Через неделю – в сентябре 1960 года – Войнович получил телеграмму с просьбой зайти в редакцию «Нового мира». Рукопись к тому времени была уже прочитана всеми членами редколлегии, включая Твардовского, и поставлена в ближайший номер. И перед молодым, начинающим, никому не известным автором даже еще и извинились, что не смогут (не успевают) поставить его повесть в предыдущий номер, поскольку тот уже сверстан.

Появившись на страницах «Нового мира», повесть сразу была замечена критикой. На нее тотчас откликнулся статьей в «Литературной газете» Владимир Тендряков – писатель, известный своей суровой честностью и нелицеприятностью. Статья его выразительно называлась: «Свежий голос есть!»

Эта и в самом деле свежая, но во многих отношениях далеко не совершенная повесть была переведена на несколько языков. А вскоре опубликованные на страницах того же «Нового мира» рассказы Войновича «Хочу быть честным» и «Расстояние в пол километра» заметили и отметили добрыми словами – кто в печати, кто в устных отзывах – такие корифеи тогдашней нашей литературы, как Илья Эренбург, Василий Гроссман, Самуил Маршак, Константин Симонов, Павел Нилин…

Были, однако, не только пироги и пышки, но и синяки и шишки. Вскоре появилась статья видного тогдашнего критика М. Гуса «Правда эпохи и мнимая объективность», в которой о Войновиче говорилось, что действительность он изображает приземленную, безрадостную и вообще придерживается «чуждой нам поэтики изображения жизни как она есть».

Особенно большой скандал вызвала повесть Войновича «Хочу быть честным». Главный идеолог страны Леонид Ильичев, игравший при Хрущеве ту же роль, какую при Сталине играл Жданов, разнес эту повесть на каком-то высоком совещании в пух и прах, после чего в центральных газетах («Известия», «Труд», «Строительная газета») появились статьи и заметки за подписями знатных строителей, сталеваров и прочих героев труда под такими красноречивыми заголовками: «Точка и кочка зрения», «Это фальшь!», «Литератор с квачом» (квач – это кисть, которой размазывают деготь).

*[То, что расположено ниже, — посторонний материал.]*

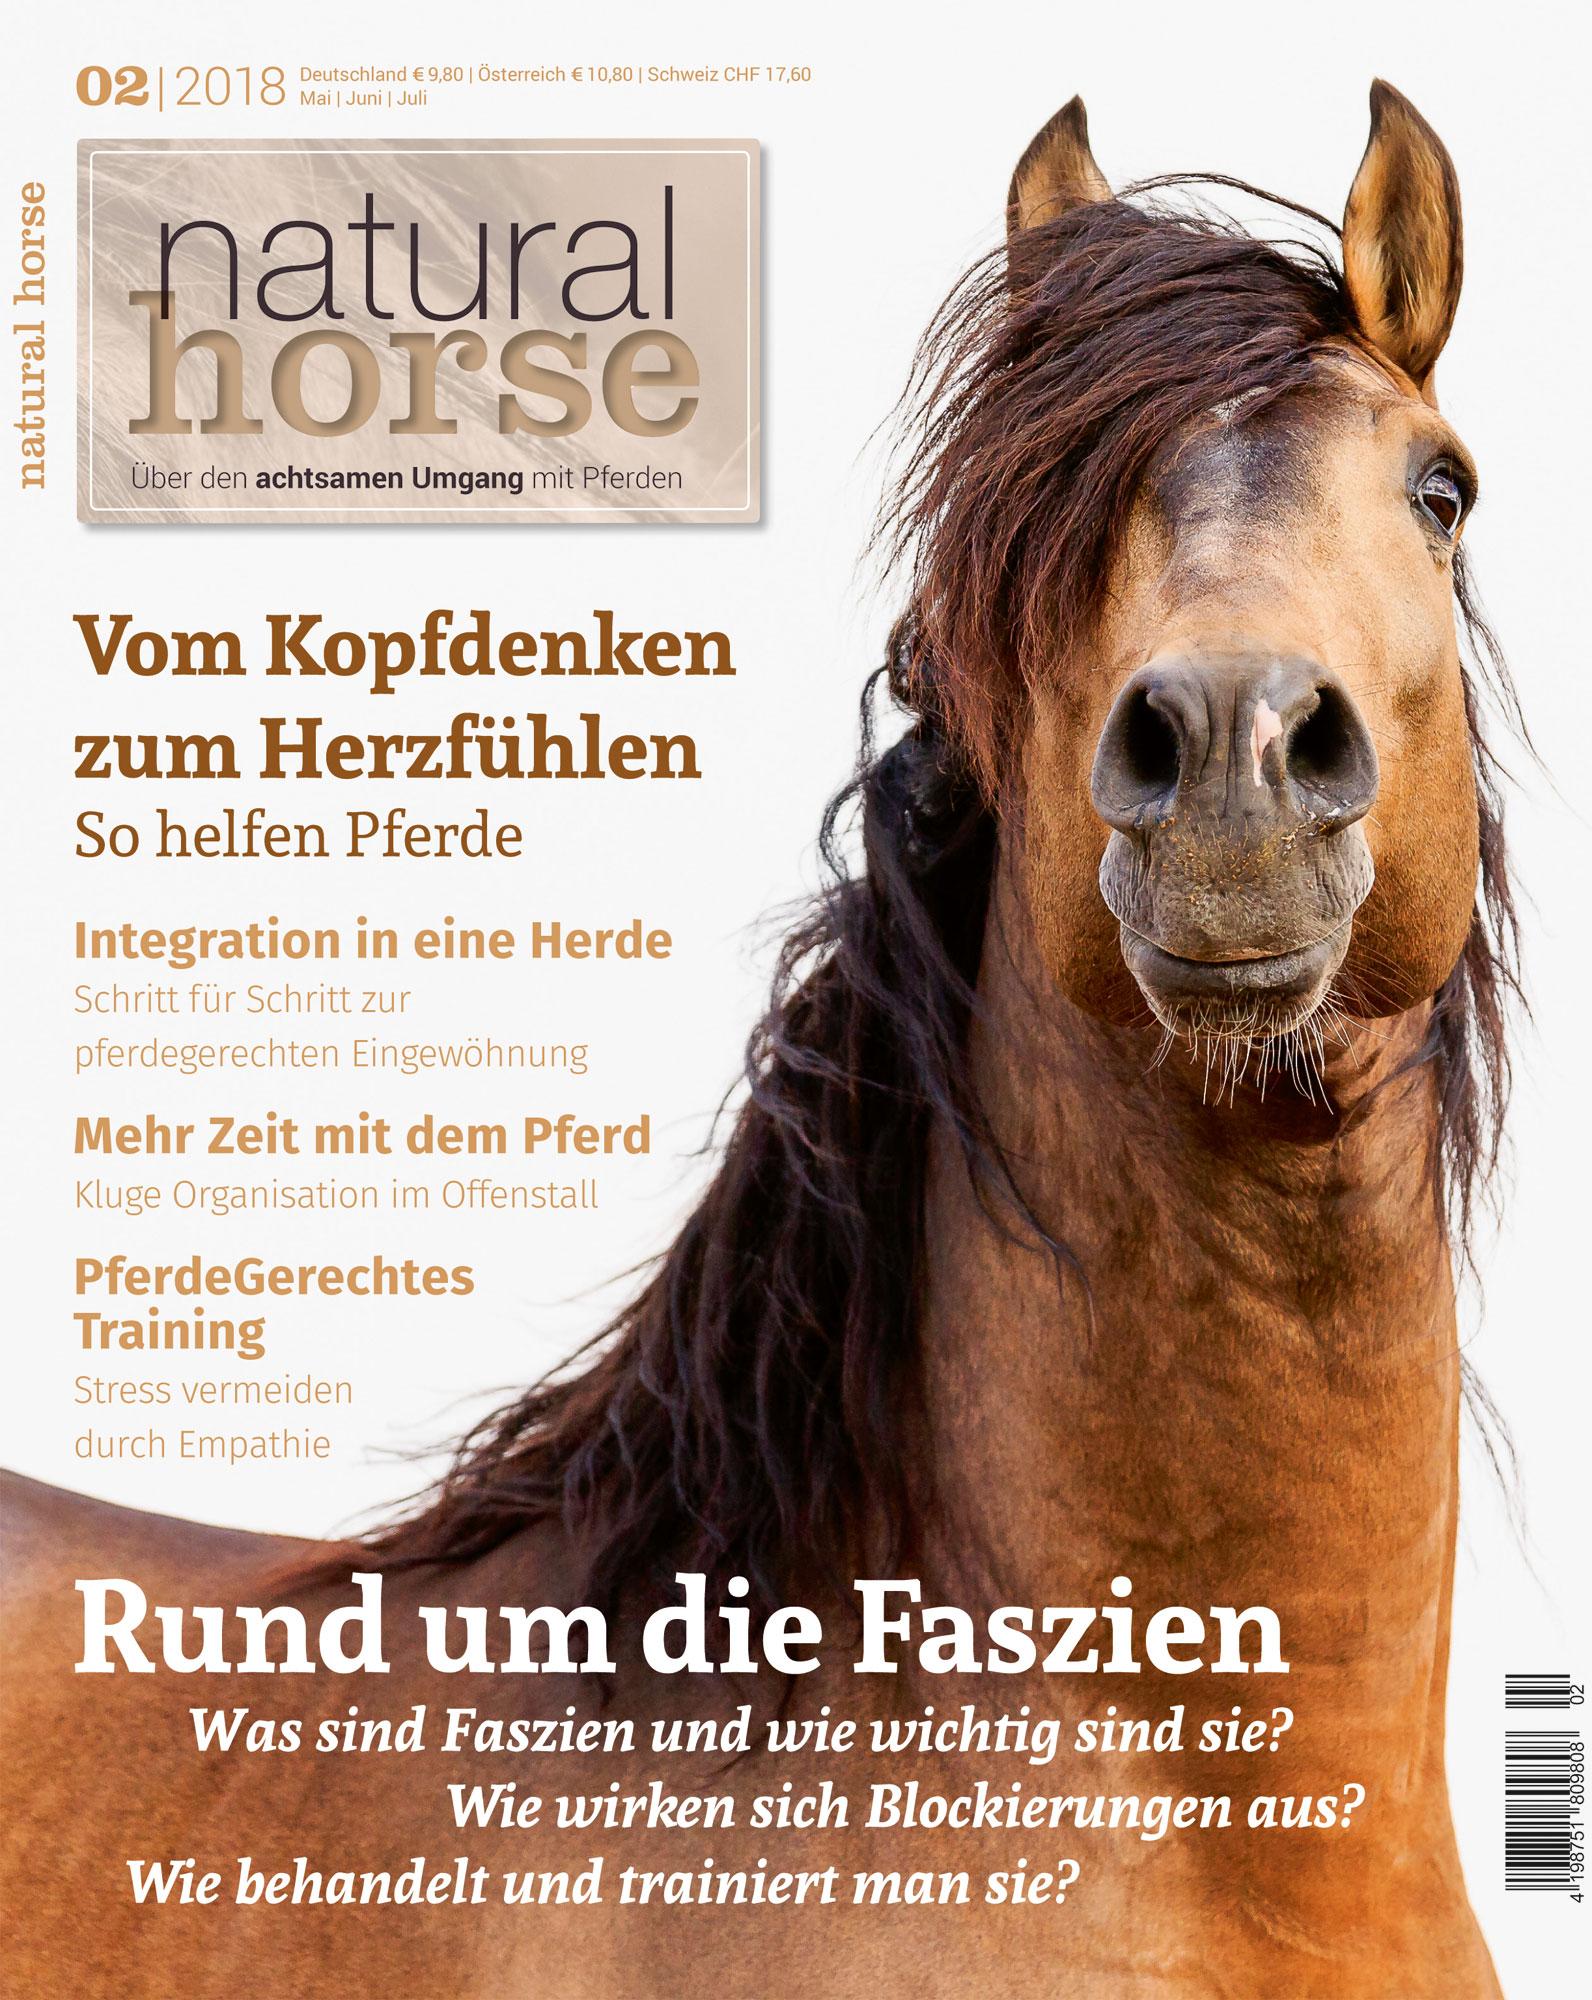 Natural Horse 19 - 02/2018

Я думаю, что даже совсем молодым сегодняшним читателям, весьма приблизительно представляющим себе тогдашнюю литературную обстановку, не придет в голову, что такая противоречивость оценок связана с тем, что Твардовский, Тендряков, Эренбург, Гроссман, Маршак и Нилин сосредоточили свое внимание на достоинствах первых повестей и рассказов Войновича, а Леонид Ильичев и Михаил Гус на столь же реальных их недостатках. В том-то как раз и состоит весь комизм этой коллизии, что злобную ярость официозной критики вызвали именно те сразу бросающиеся в глаза черты и особенности ранней прозы Войновича, благодаря которым она пришлась по душе Твардовскому, Эренбургу, Гроссману, Маршаку, Нилину, Тендрякову, Борису Слуцкому…

Тут надо отдать должное чутью всех этих Ильичевых, Гусов и им подобных – их поразительному, безошибочному чутью на художественную правду, в каких бы малых дозах эта правда ни присутствовала в том произведении, на которое было нацелено их недреманное око.

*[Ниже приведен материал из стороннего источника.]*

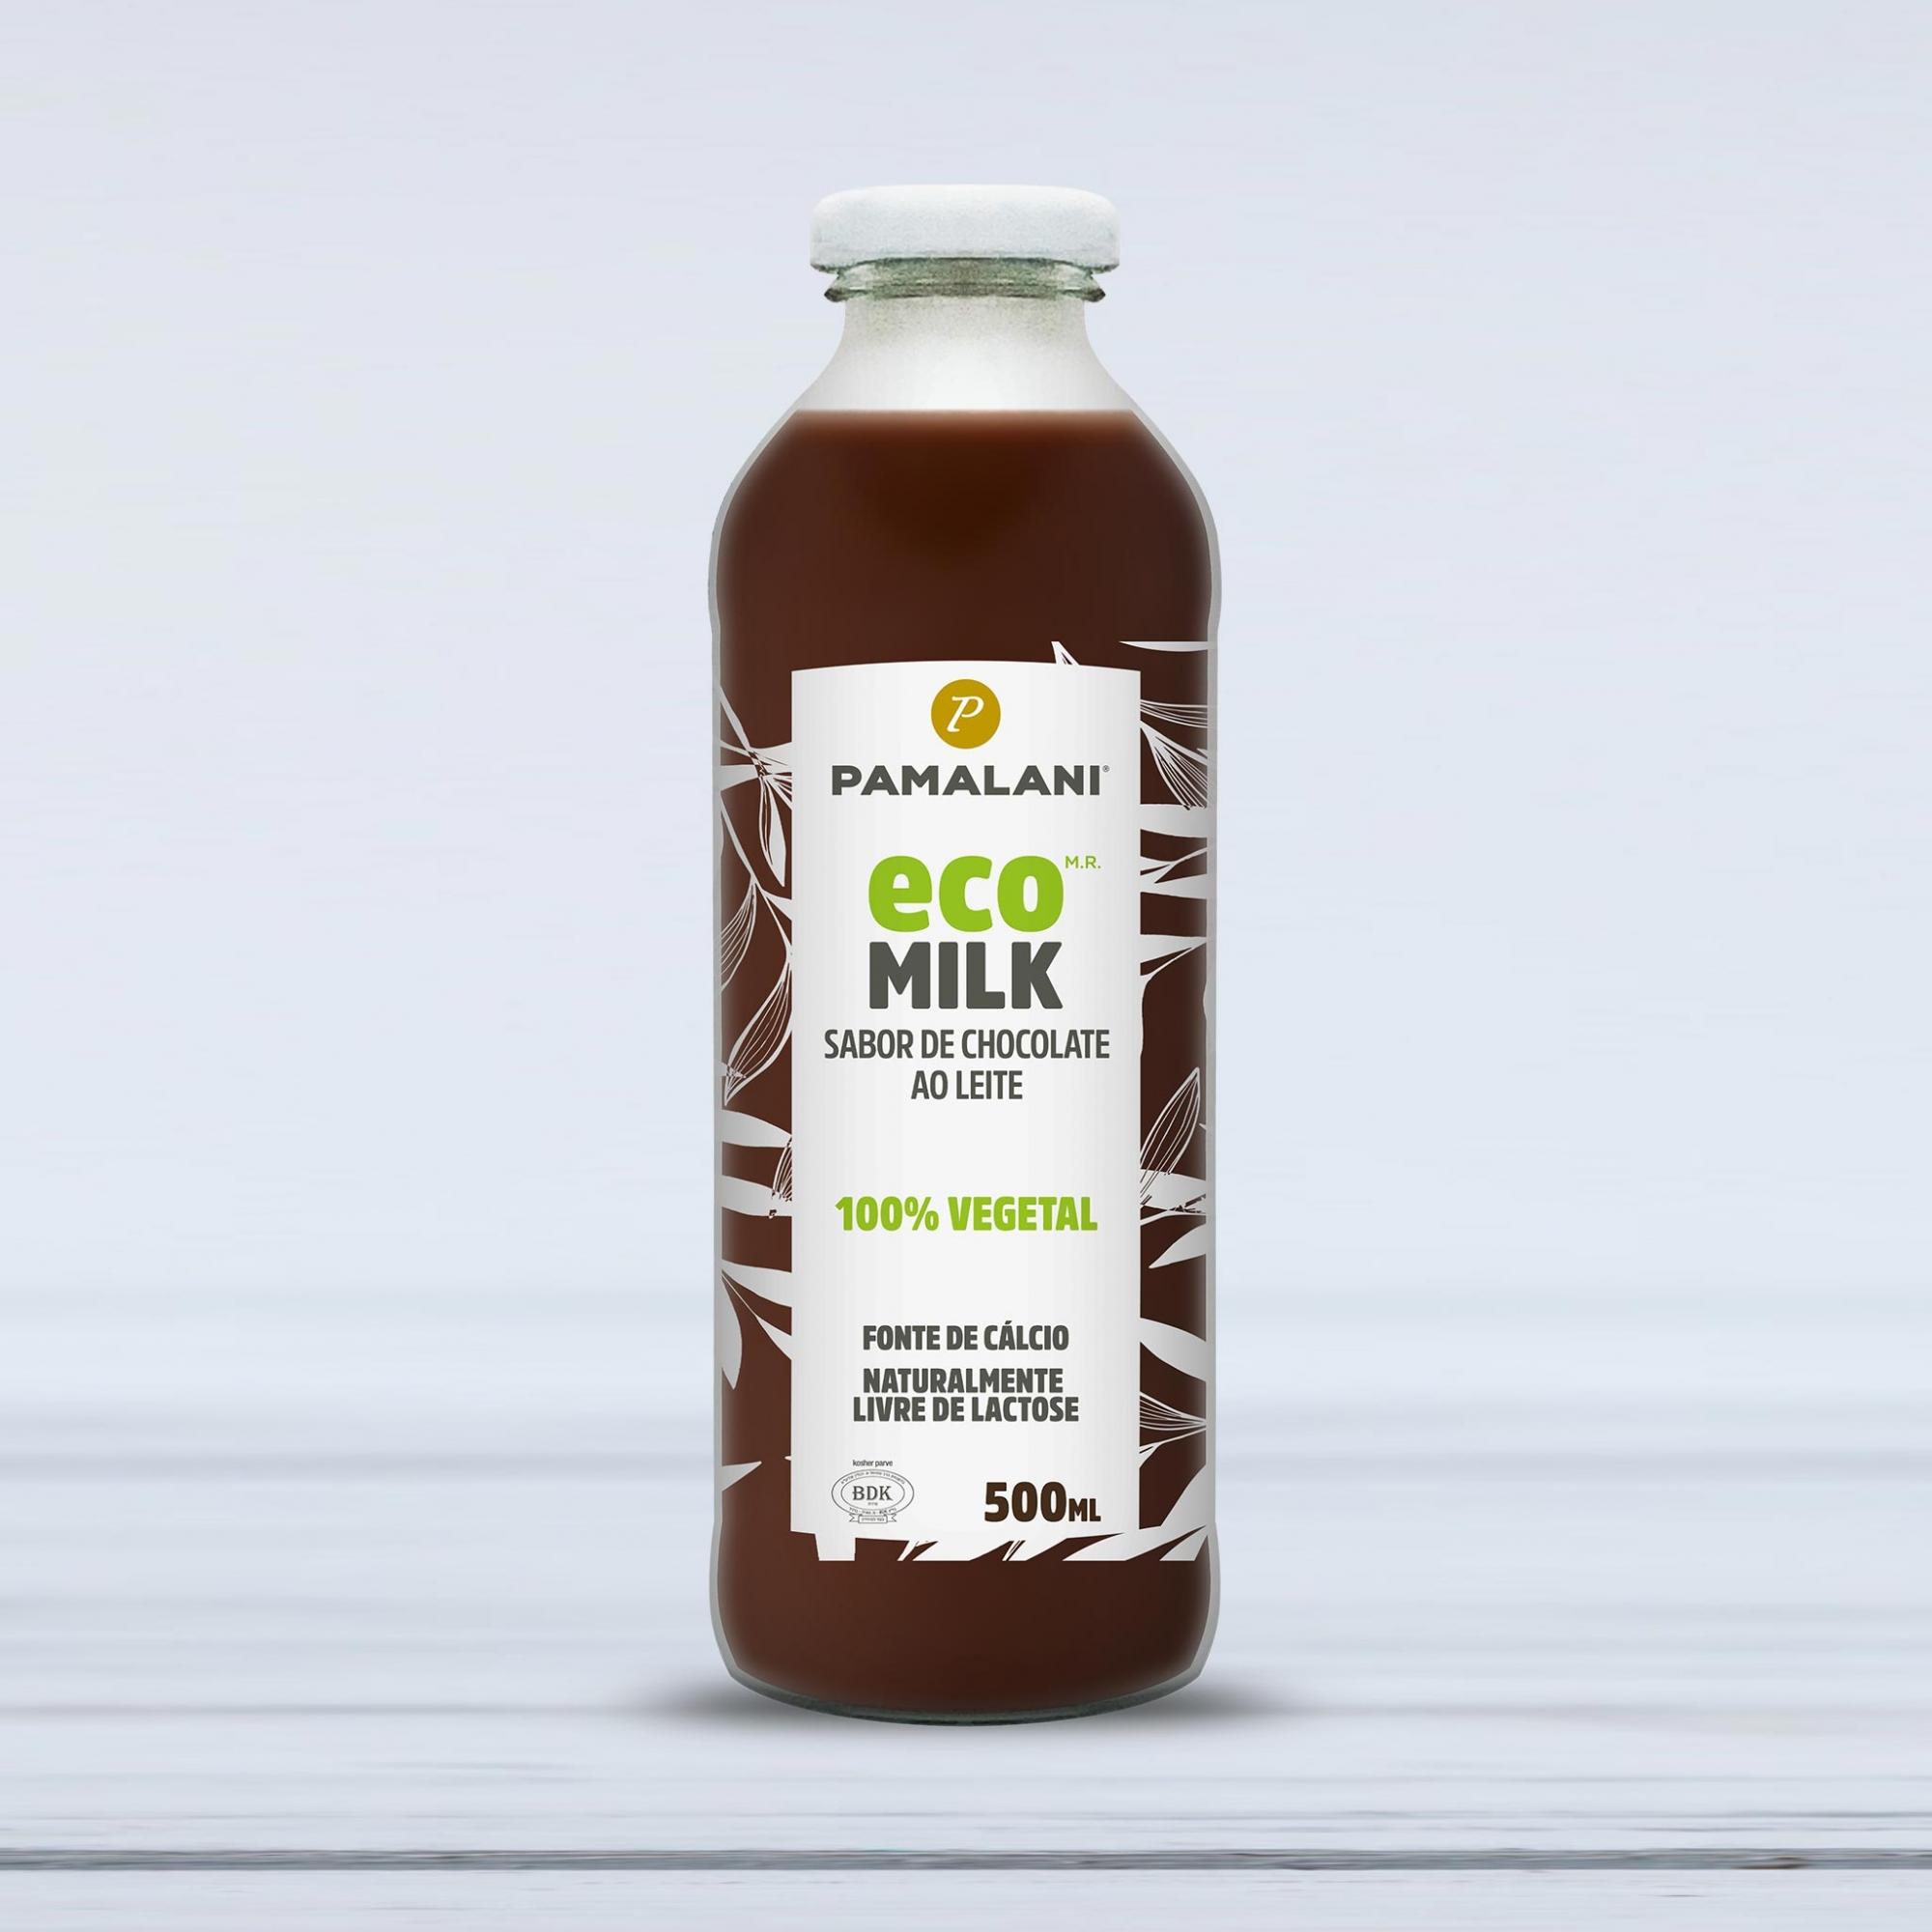 Eco Milk Sabor Chocolate ao Leite 100% vegetal 500ml

В произведении истинного художника правда всегда «вылезет». Иногда даже вопреки запланированной автором концепции, вопреки его (еще одно любимое словцо советских критиков) идейной установке. Эта правда неизбежно проявится – если не в сюжете книги, не в композиции, не в других ее структурных особенностях, так в каких-нибудь деталях, частностях, живых подробностях, выхваченных прямо из жизни.

Художник (даже очень крупный художник) может быть в плену ложной идеи, ложной концепции, ложного – навязанного ему или им самим себе заданного – понимания постигаемой и изображаемой им реальности. Но в процессе создания художественного произведения участвует не только сознание художника, но и его подсознание – его эмоциональная память, весь запас его подспудных, не всегда им осознаваемых жизненных впечатлений, тайных индивидуальных склонностей и отталкиваний, симпатий и антипатий. В истинно художественном произведении всегда так или иначе сами собой проявятся все свойства личности художника, даже те, которые он постарается утаить. А если не проявятся, если сознательная «идейная установка» подавит, подчинит себе «нежелательные», не укладывающиеся в ее жесткие рамки черты и свойства души художника, произведение окажется неживым, мертворожденным, не содержащим в себе ни единой живой клетки того, что называют художественностью.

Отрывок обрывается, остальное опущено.